Ладно, подъем, Никафондора!
— Кира! — закричала я, вскочив и приступив к энергичной утренней зарядке.
— Доброе утро, госпожа, — заглянула в комнату моя верная служанка.
— Давай бизнес творить! — пыхтела я, махая ногами. – Осторожно — не стой под стрелой, под ногу не попади, — говорю!
— Что такое биснис? — поинтересовалась Кира, бочком по стеночке войдя в мой фитнес-зал, он же спальня, он же переговорная.
— Бутыльки купим, рассол разольем и будем продавать как средство от похмелья. Назовем звучно — “Гуманизм”, например, ну красиво же звучит! Торговый прилавок поставим в парке. Тебя красиво нарядим и будем деньгу зарабатывать.
— А как же те денежки, что за вступление в клуб?
— Понимаешь, Кира, — я перешла к наклонам, — деньги должны работать и приносить новые. А взносы проедим и всё. А дальше что? Поэтому после обеда сгоняй в город и глянь бутылки, красивенькие. С крышечками. Сколько стоят — узнай. Этикетки сами нарисуем. Прикинем, посчитаем и начнем в люди выбиваться. А то опять вот сидеть принцевские рубашки на себя перешивать. А он у нас, зараза, глазастый оказывается! Не ровен час— снова опознает! И опять на прием в старых нарядах придется идти. Я понимаю, что женихов надо под прессом большой души держать до свадьбы, но приманивать всё равно надо красивой упаковкой.

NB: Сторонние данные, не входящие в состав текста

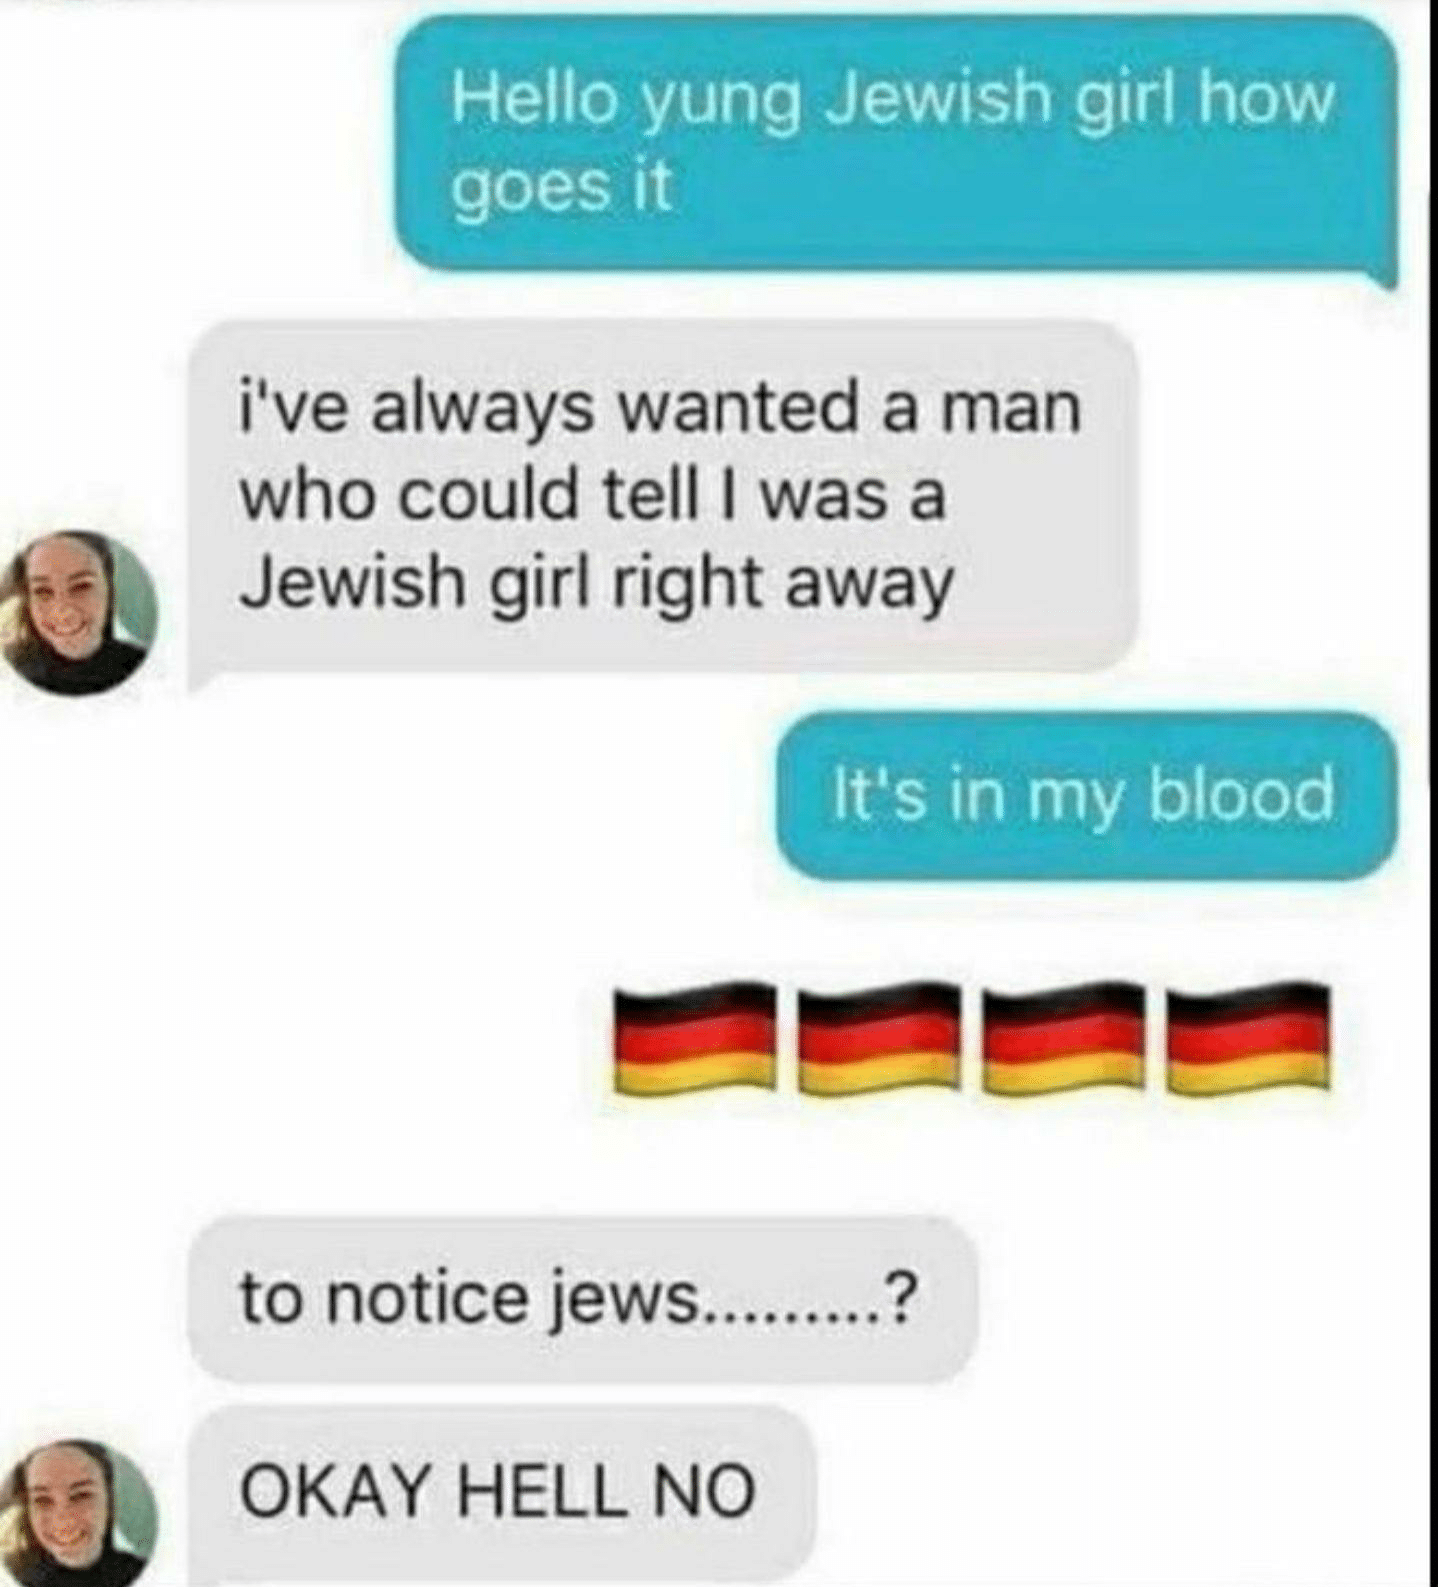 Hold up, Wheel, Spin, HolUp, German, Thanks Dank Memes Hold up, Wheel, Spin, HolUp, German, Thanks text: Hello yung Jewish girl how goes it iive always wanted a man who could tell I was a Jewish girl right away It's in my blood to notice jews OKAY HELL NO 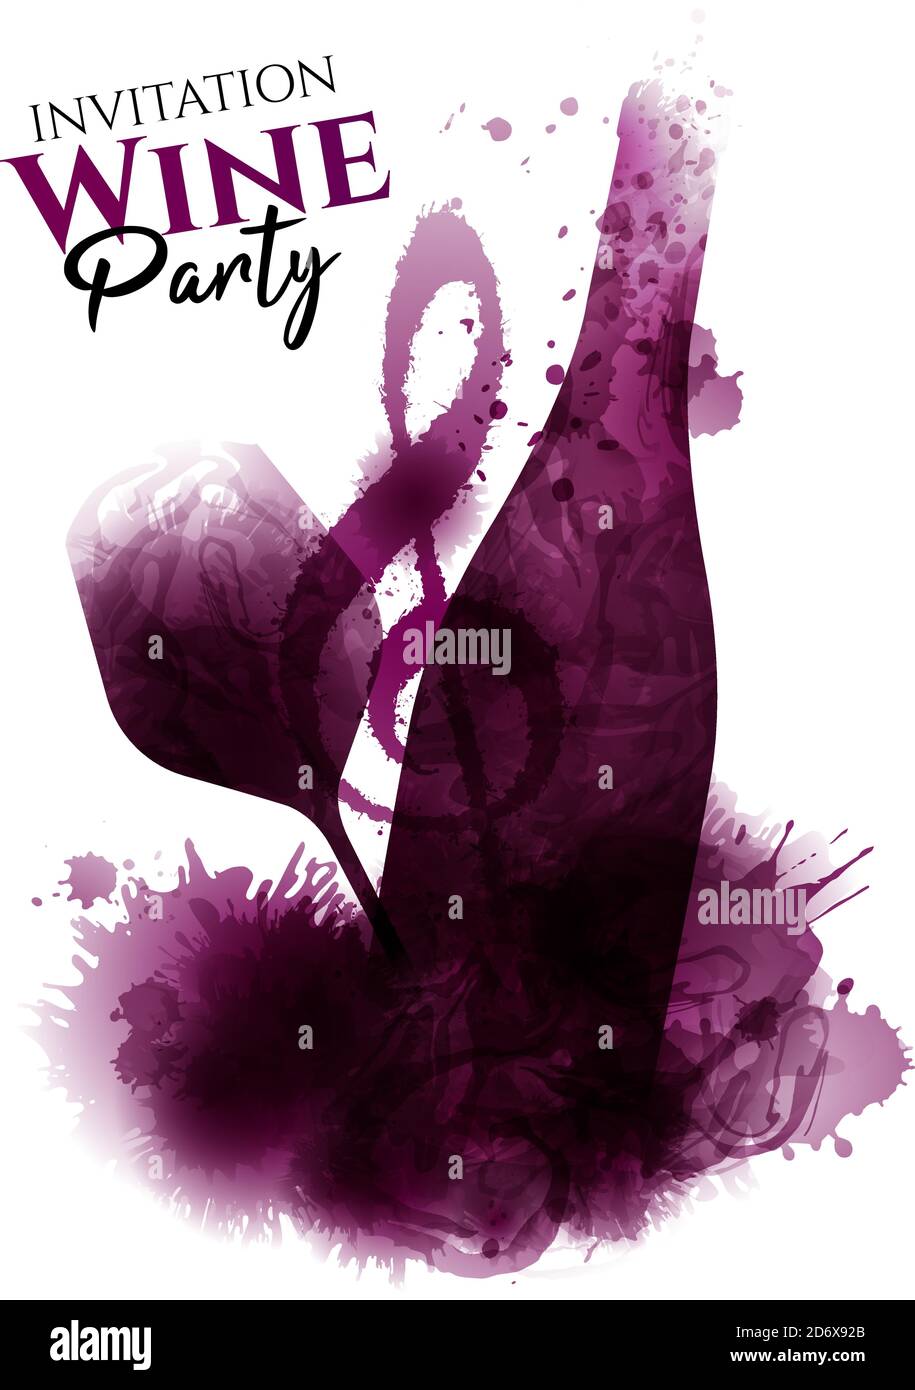 Wine bottle illustration, wine glass and music symbol. Artistic illustration with red wine stains in the background. Poster, cover, ad, flyer, present Stock Vector

После завтрака спросила служанку:
— Императрица сегодня как? А то мне Люську в покои надо забросить.
— Уехамши, — собирая посуду, ответила Кира, потом помялась и спросила, — Можно мне сегодня вечерком погулять? И покраснела, как цветочек аленький.
— Позволяю, только после кружка «умелые ручки» пойдем по парку погуляем, мне мяты нужно набрать да еще какие листики надо для дегустации приготовить.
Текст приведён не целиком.